On the non-recursive dynamic control for uncertain nonlinear systems

This paper presents a non-recursive tracking control for systems under the presence of mismatched disturbances. Firstly, through integrating a series of extended state observers (ESO) for the dynamics at each order, the uncertainties and their corresponding order derivatives can be estimated accurately within finite time. Then through utilizing all the estimations of ESOs and taking advantages of the homogeneous system theory, a non-recursive control works to guarantee the finite-time stability in a concise manner. This kind of non-recursive design framework is conducive to cost-saving and promoting practical implementations, detached from the determination of a series of virtual controllers. Additionally, to employ the time-varying scaling gain for better tracking performance, two kinds of forms, namely the adaptive tuning and implicit-Lyapunov-function (ILF)-based tuning laws, have been proposed to speed up the convergence rate and increase the tracking accuracy. Finally, numerical example results are presented to illustrate the performance of the proposed control scheme.

Automated summary

This paper presents a non-recursive tracking control method for systems with mismatched disturbances.
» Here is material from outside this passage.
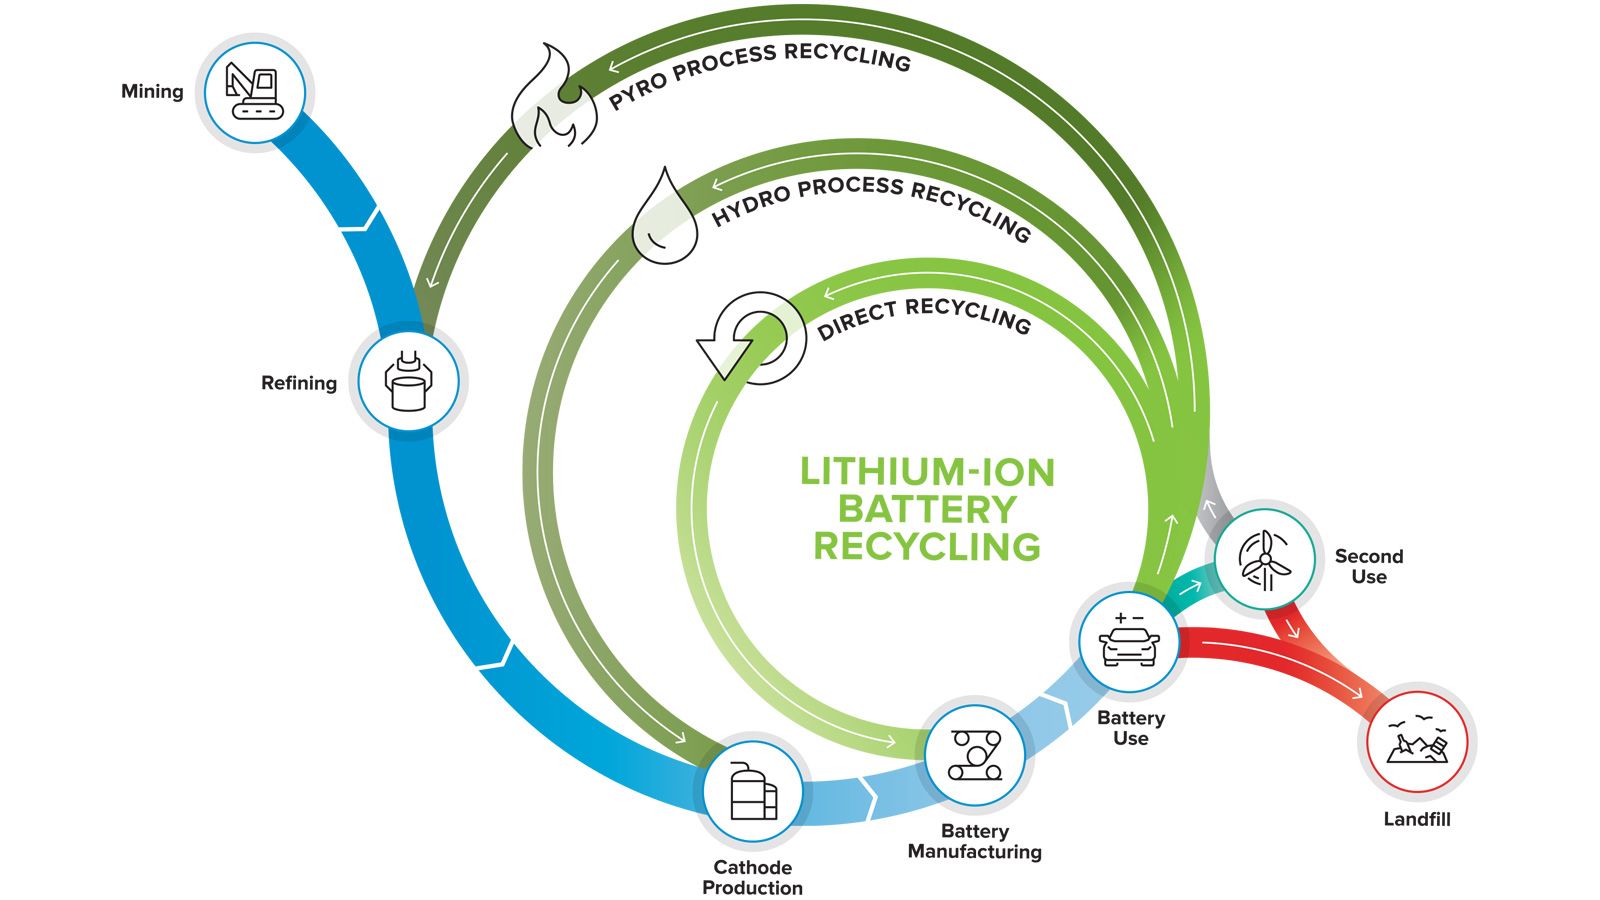 ReCell_Lithium-Ion-Battery-Lifecycle-Infographic_web_1600x900_R3_1.jpg
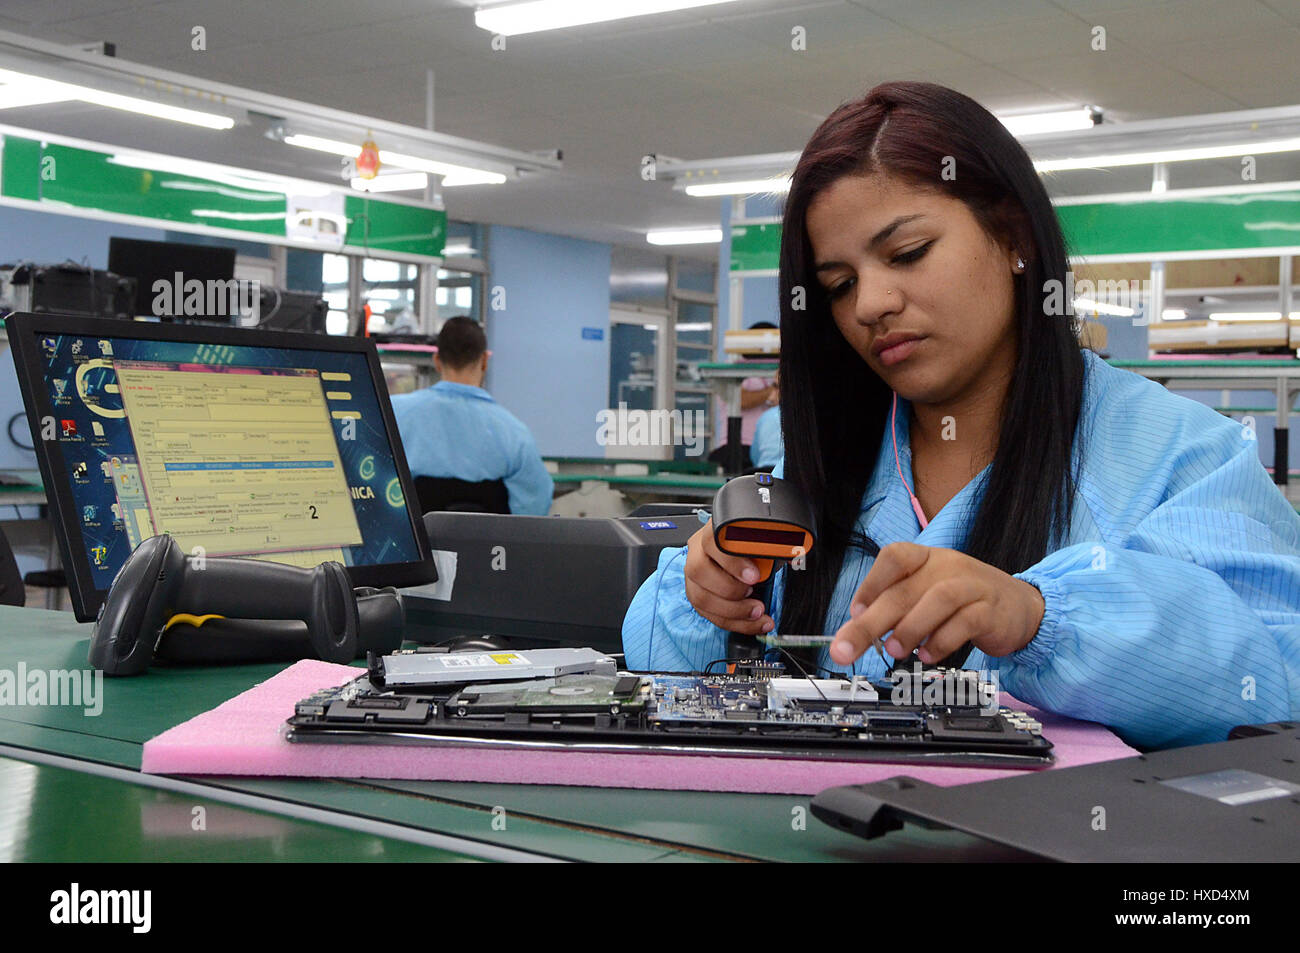 Havana. 20th Mar, 2017. Image taken on March 20, 2017 shows a woman working at a national laptop and tablet factory in Havana, Cuba. On the outskirts of Havana, the brand new assembly plant is helping to propel this long-languishing Caribbean country into the 21st century. Credit: Joaquin Hernandez/Xinhua/Alamy Live News Stock Photo

By integrating extended state observers (ESO), the uncertainties and their derivatives can be accurately estimated within finite time. A non-recursive control design framework is proposed to ensure finite-time stability, which eliminates the need for a series of virtual controllers. Two forms of time-varying scaling gain are proposed to improve tracking performance. Numerical example results are provided to demonstrate the effectiveness of the proposed control scheme.